Leo XIV does not face the problem wondering whether machines can really think nor does it fall into the distinction between intelligence, consciousness and computation. Is this a structural limit?? More than a limit, It seems to be about choosing a different path, outlined from the first pages: read technological transformation as a question that concerns above all the vocation of man, to their way of inhabiting the world and ordering their own action. From this perspective, The center of the encyclical does not seem to be Artificial Intelligence as an autonomous object of analysis, but the human subject that develops and uses it. This orientation emerges with particular clarity in chapter VI (cf. NN. 95-99), where the Augusto Author remembers the risk of technical efficiency being assumed as the predominant criterion for the organization of human work and insists that progress is inseparable from the formation of consciousness, of personal responsibility and man's ability to direct means towards authentically human ends. From this derives the document's insistence not so much on the limit of the machine, how much about the quality of the subject who uses it. This choice also appears in the symbolic structure of the text. The encyclical effectively opens its reasoning through two biblical images that the Holy Father uses as a key to reading the entire document. (cf. chapter I, NN. 8–12).

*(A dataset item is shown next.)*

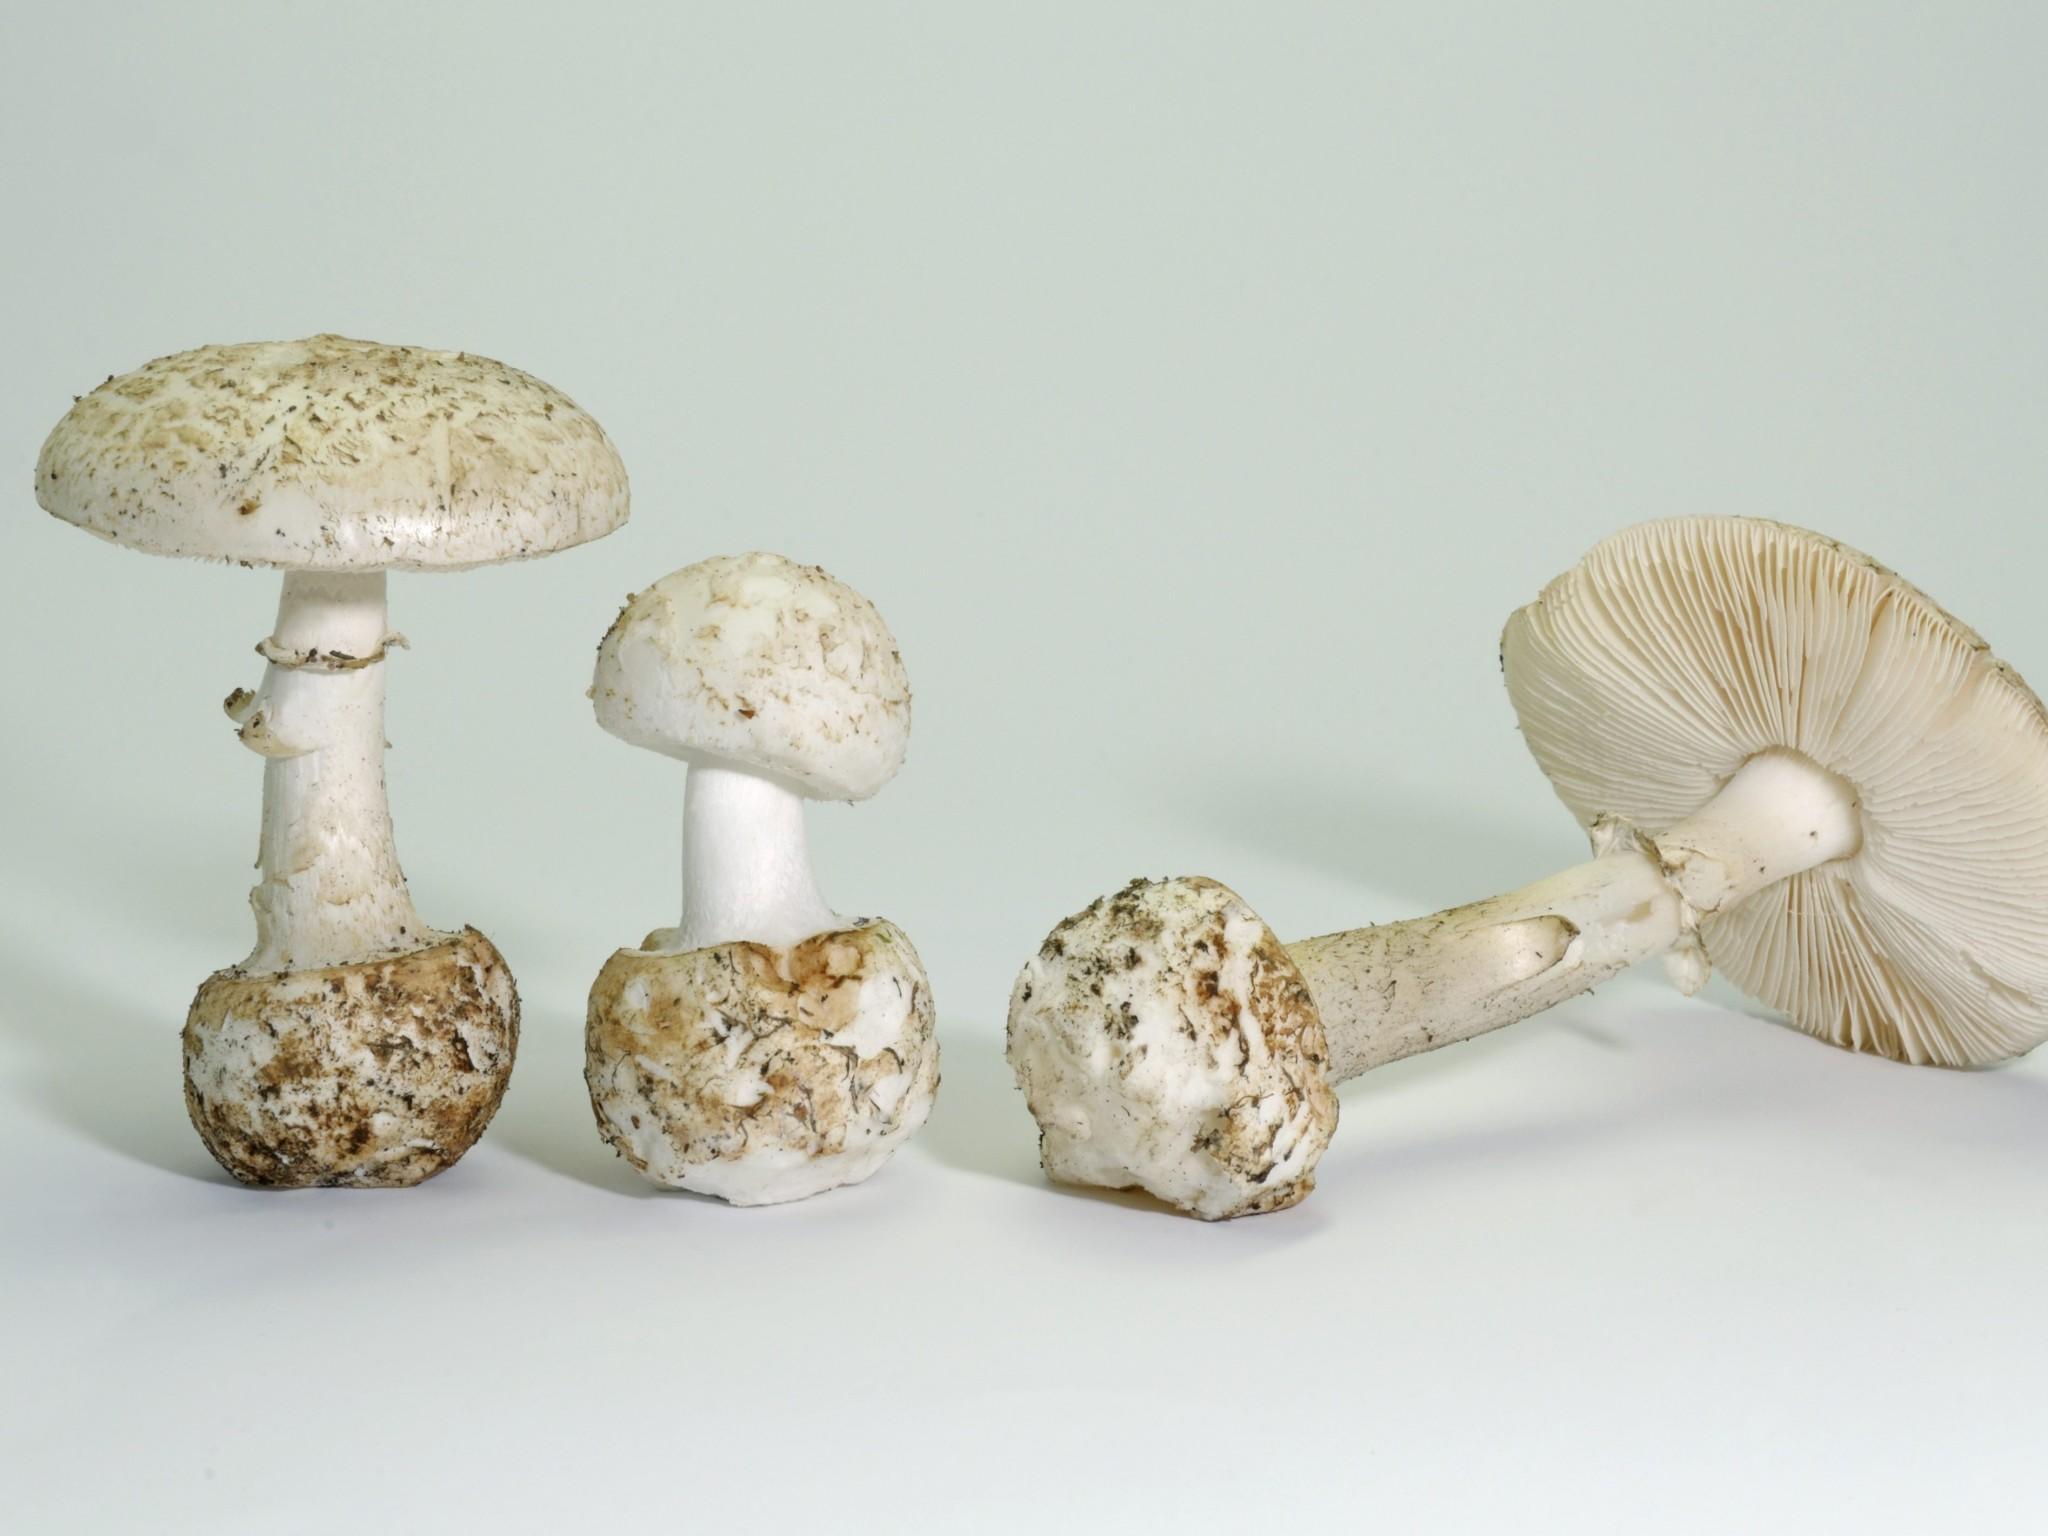 Pilze und Doppelgänger

The first is the story of Babel (cf. GN 11,1-9): men decide to build a city and a tower "whose top reaches to the sky" to assert their self-sufficiency and "make a name for themselves"; the result is not greater unity, but the confusion of languages ​​and the dispersion. The second image is the reconstruction of Jerusalem guided by Nehemiah (cf. Born 2-6): a destroyed city is rebuilt not to exalt someone's power, but through an ordered work, shared and aimed at allowing a people to return to inhabit and live. Through these two images the document does not contrast technical and non-technical, but two opposite ways of building: in the first case, the work tends to replace the good of man; in the second, remains subordinated to the good of the human community.

However, a question remains open that will inevitably accompany the reading of the entire text: If the custody of the person and the call to responsibility are enough to confront a phenomenon that does not only refer to the use of new instruments, but to the progressive transfer to technical devices of acts that belong to knowledge, the judgment and deliberation of the person.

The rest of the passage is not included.